Anyone know if Morrison's been directly influenced by Tezuka, or if these are just coincidences?
 
 
This Sunday
05:16 / 04.12.05
In my brain, I've always dovetailed Morrison's fictionsuit ideas with Tezuka's 'actors', how he basically took a set of types and cast them in his various stories. Deliberately, basing the idea on the studio recognizable-actor idea. But Black Jack and his tiny cybernetic assistant have nothing to do with Seven Soldiers, being, clearly, forerunners of Robin/Phoenix split into two bodies.
Actually, yeah, I can see the possibility of influence. Morrison's a cultural and cross-cultural vacuum in a very good sense, and almost everything he's done can be efficiently and lovingly autopsied back to its original influences, usually derived in a sideways fashion (I'm thinking the Jemm and the holograms bit, from JLA).

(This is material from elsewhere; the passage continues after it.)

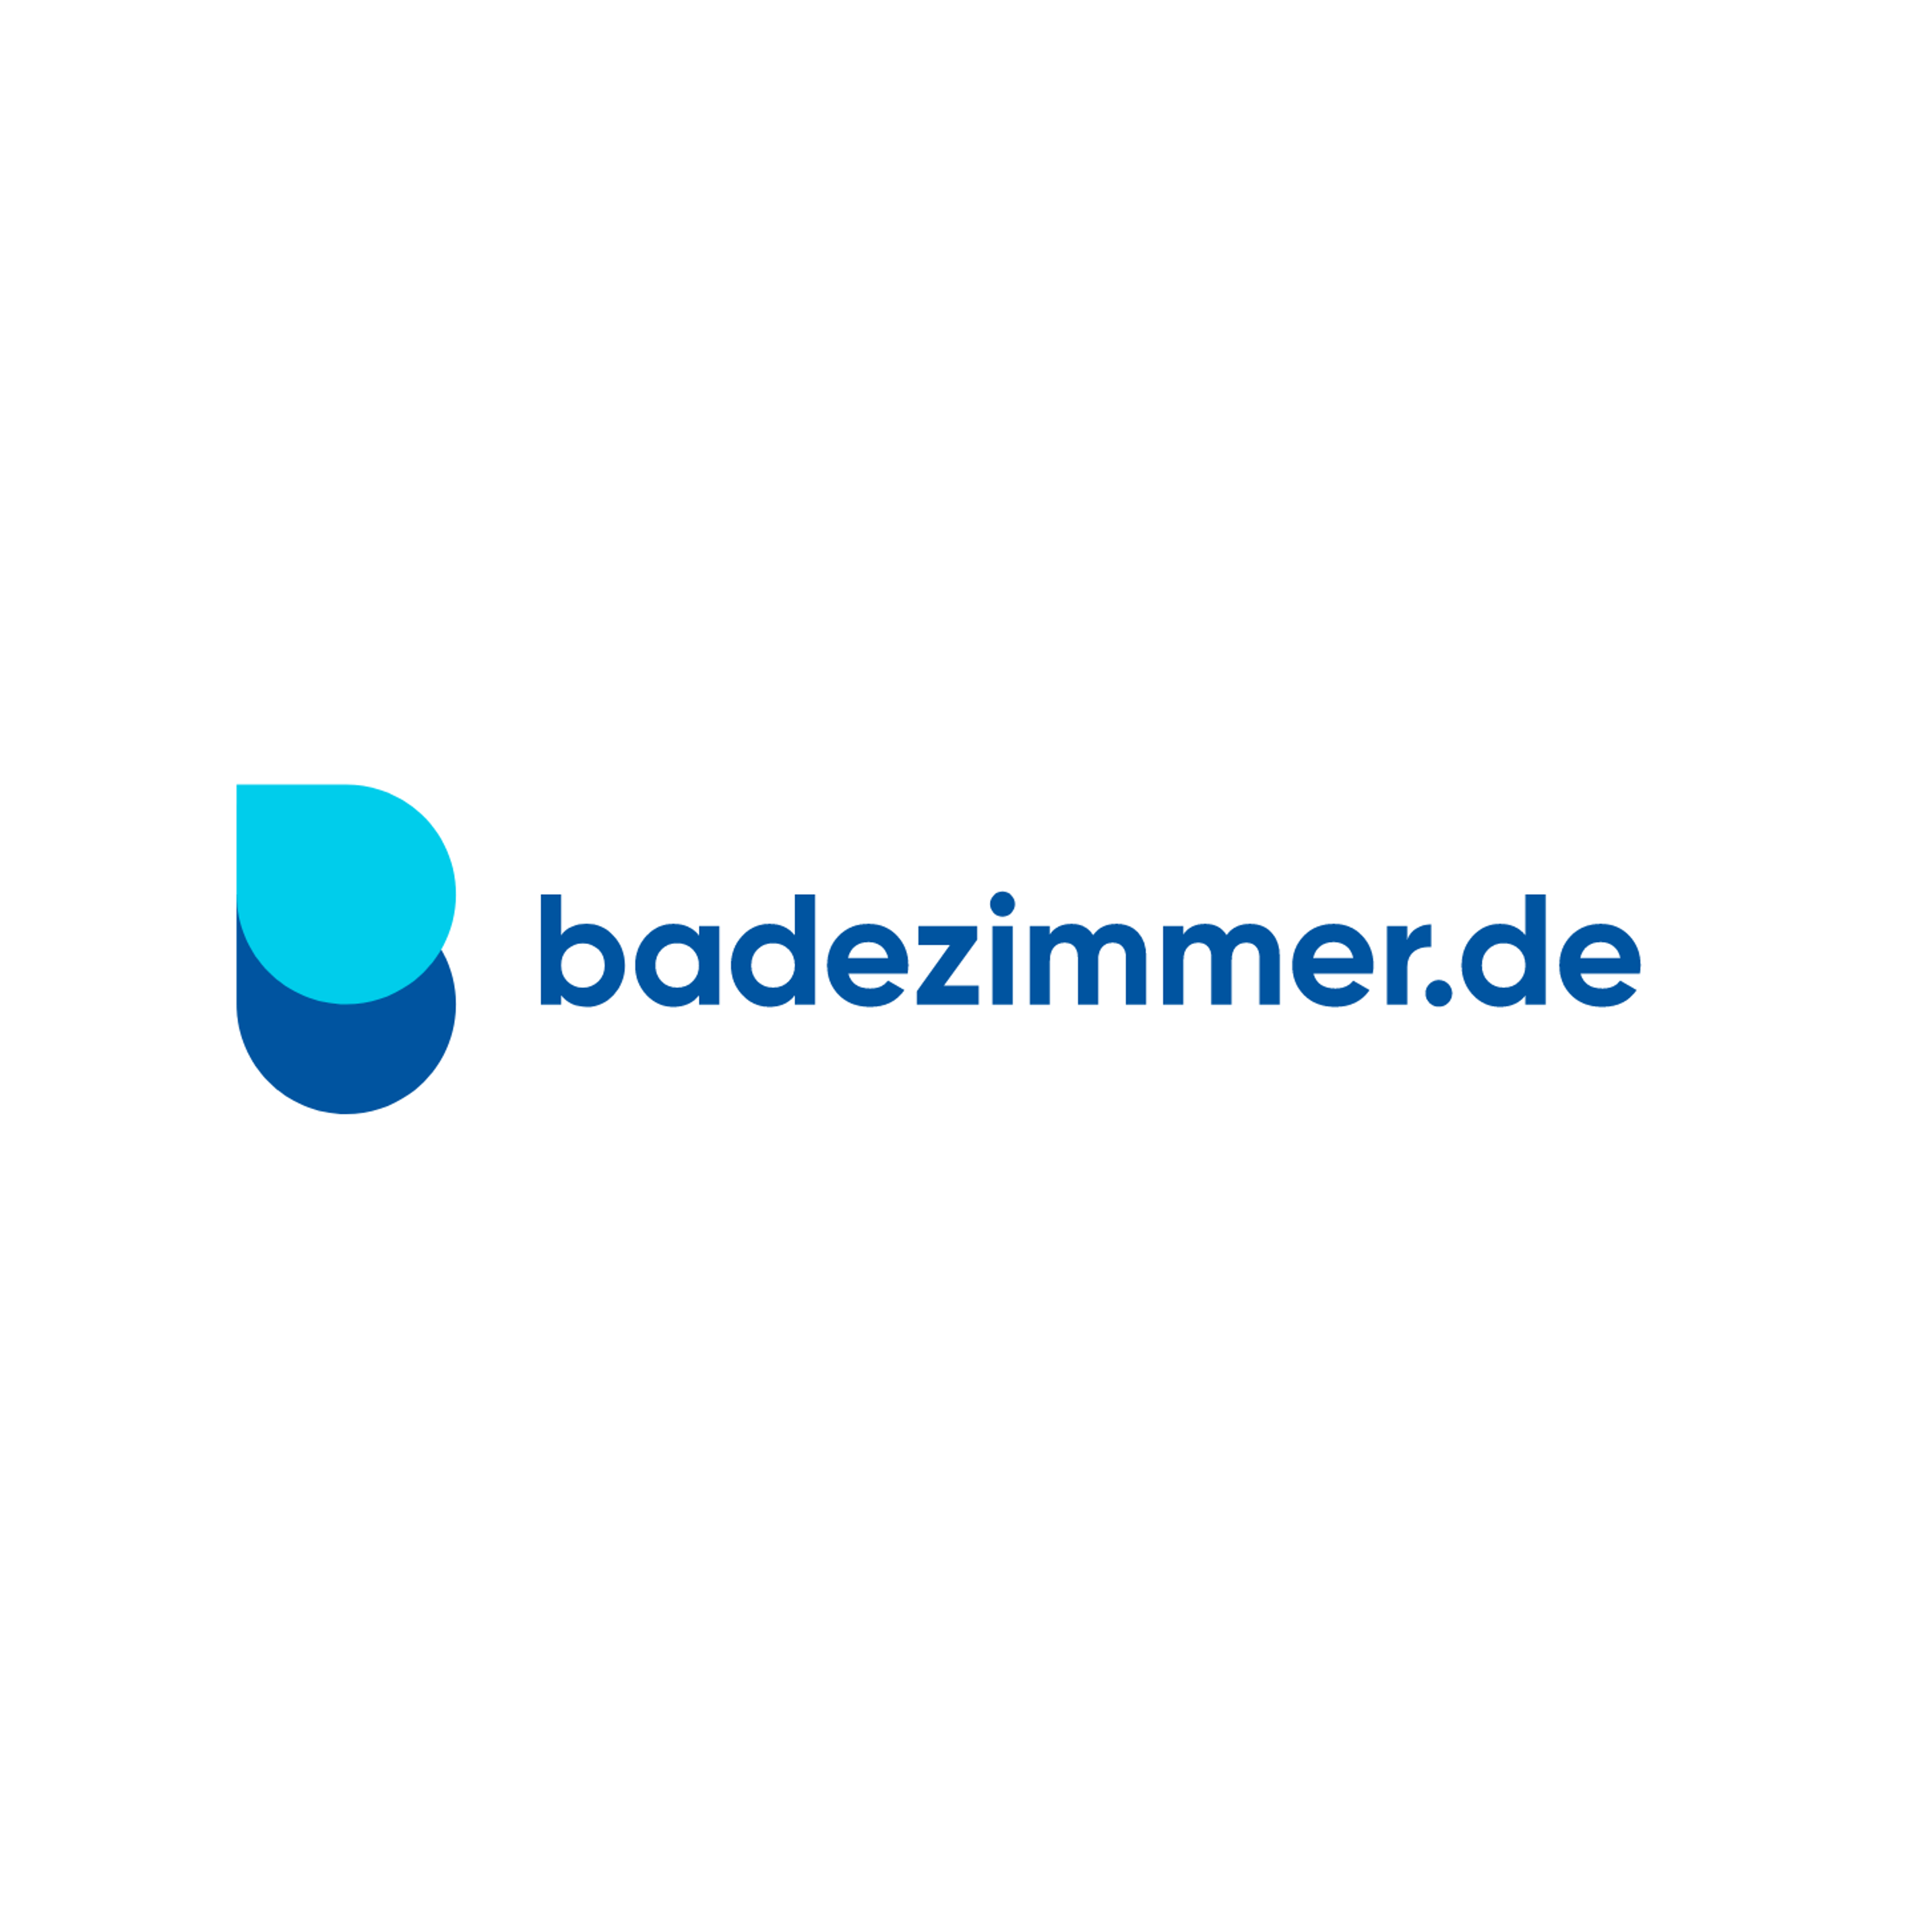 badezimmer.de Badausstellung Düsseldorf - Zimmer & Kellermann in Düsseldorf - Logo

There's the sort of direct lift, like the bit in Warren Ellis' Ultimate Galactus stuff, where the girls line up and walk in front of a speeding train, as previously seen in 'Suicide Club', which is an entirely different beast. Morrison isn't much for plugging something into a structure, but he borrows in a more ambient fashion almost continually.
 
 
Mario
12:34 / 04.12.05
Seems like a bit of a stretch. The name Seven Soldiers comes from the Golden Age, and none of the rest of the story elements seem to apply.